Are there other programs out there to help veterans in or leaving prison?

Yes. First and foremost, Veterans Treatment Courts are becoming more and more popular to help veterans charged with crimes who struggle with addiction, mental illness or some other issue. As Justice for Vets explains on this page, these innovative courts allow veterans to avoid the “[b]usiness as usual” nature of our criminal justice system with “random judges who may or may not understand their unique military service and any related problems” and appear before a judge “surrounded by an interdisciplinary team … all working toward the same goal: to help each veteran achieve recovery and get their lives back on track.”

Image courtesy of Chairman of the Joint Chiefs of Staff via Wikimedia Commons.

States have implemented their own programs specifically designed to help justice-impacted veterans too.
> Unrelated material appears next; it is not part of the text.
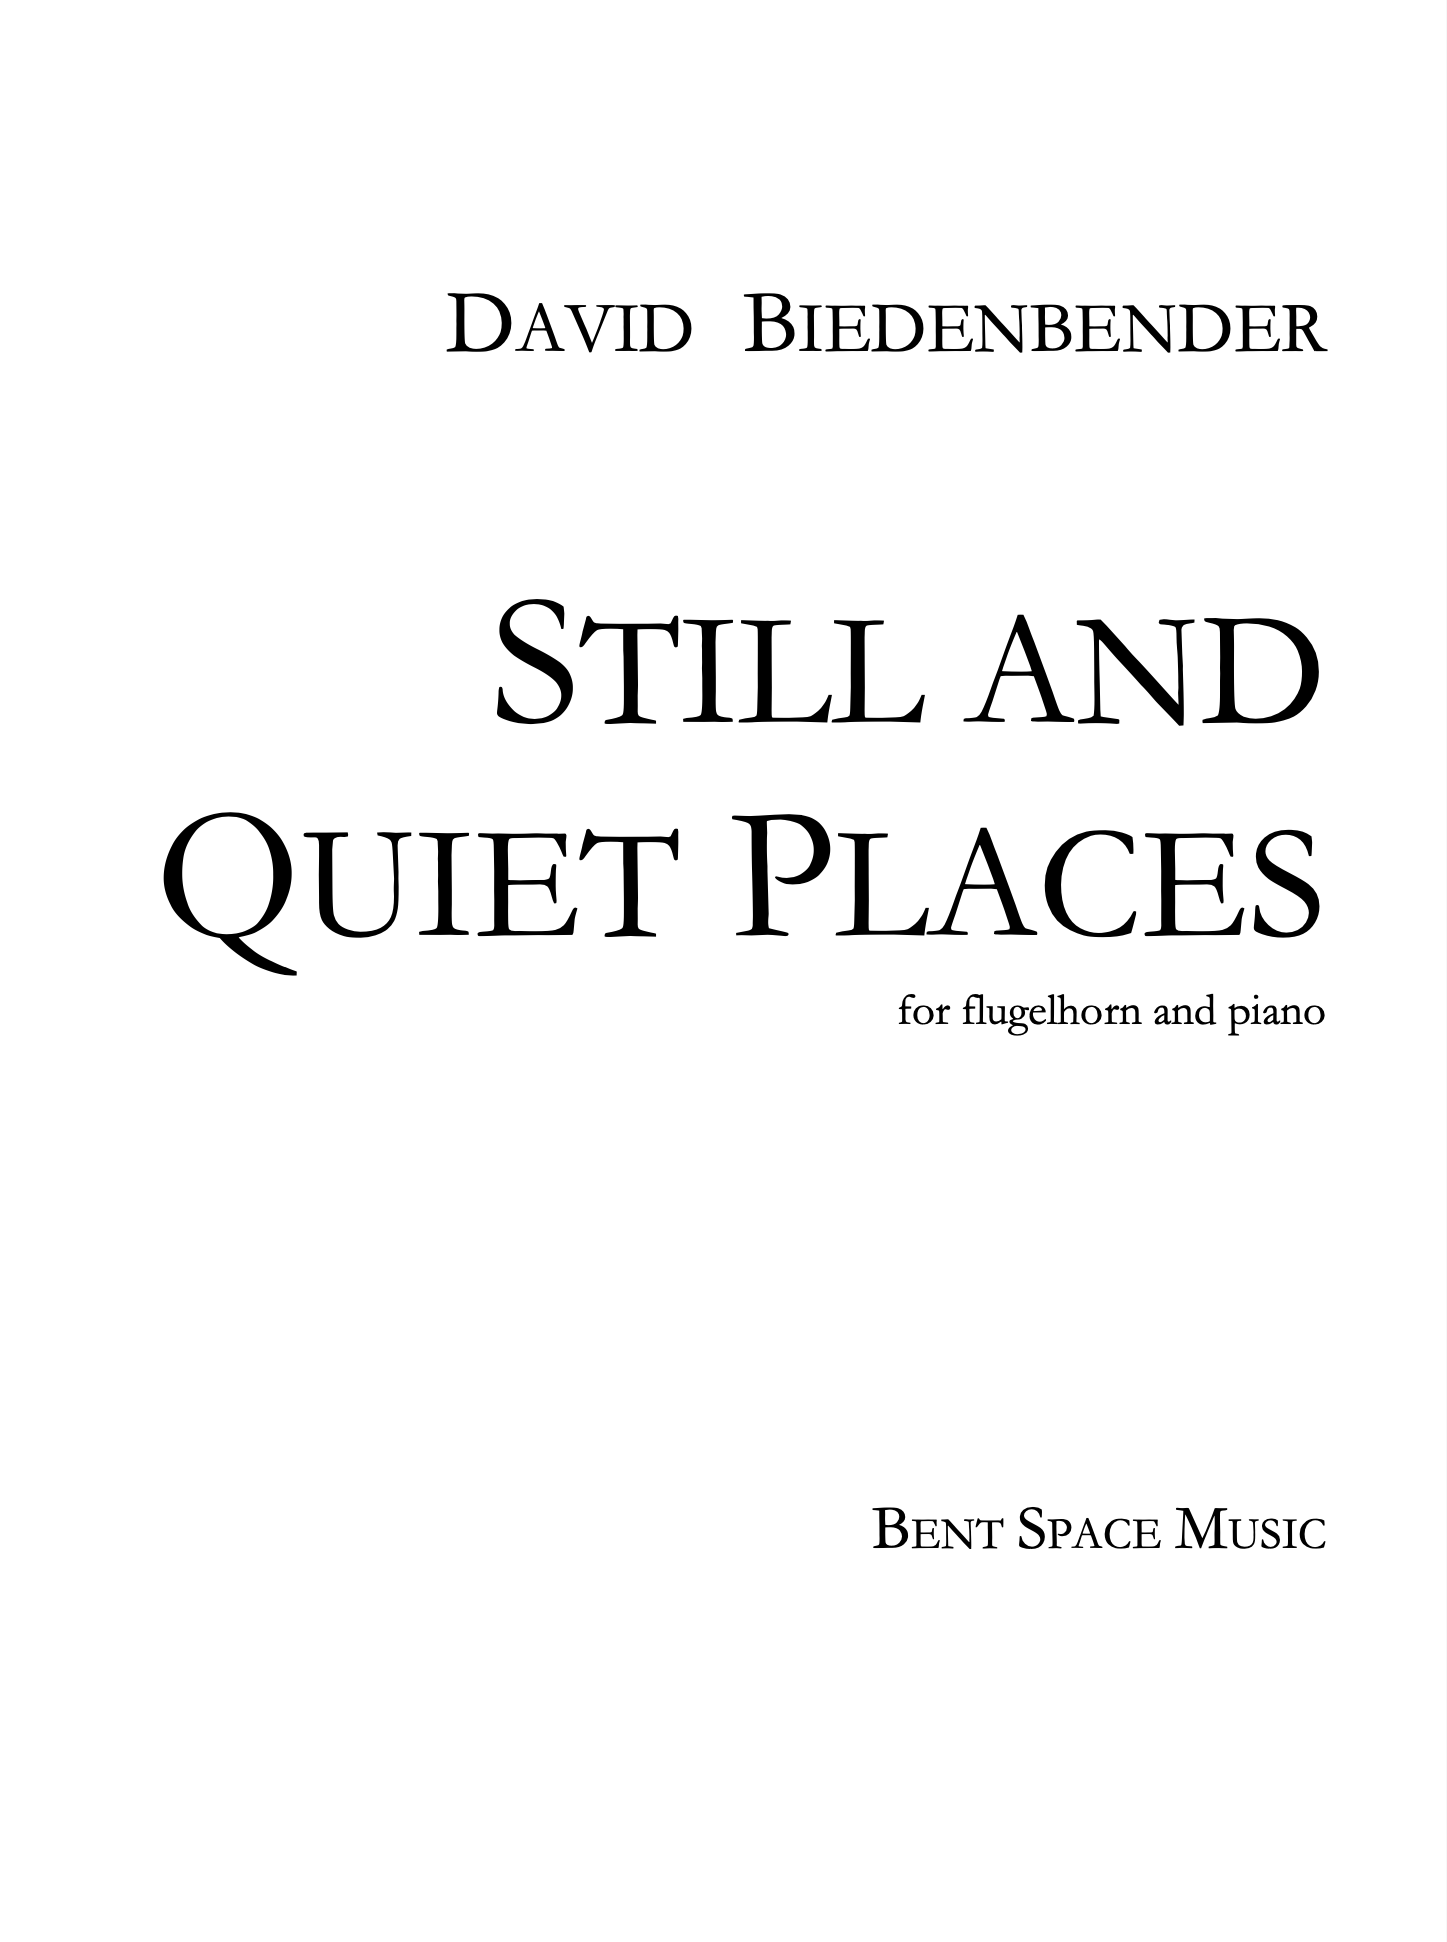 Still And Quiet Places by David Biedenbender

In Michigan, for example, the Michigan Veterans Affairs Agency partners with the Michigan Department of Corrections to provide hands-on help to veterans leaving prison. The partnership connects veteran-service officers with veterans to help with things like filing for their pension and bringing disability-compensation claims while they are still incarcerated. Michigan is also home to 25 of its own Veterans Treatment Courts and connects veterans with a variety of free or low-cost legal services.

The Takeaway:

Hundreds of thousands of veterans in the United States who suffer from PTSD, depression, anxiety and substance abuse will find themselves caught up in our country’s criminal justice system. Although there aren’t programs out there to help in every location, there are good local and national programs available. The Veterans Justice Outreach Program and Veterans Treatment Courts are leading the way on the national level. And similar programs in states like Michigan aren’t far behind.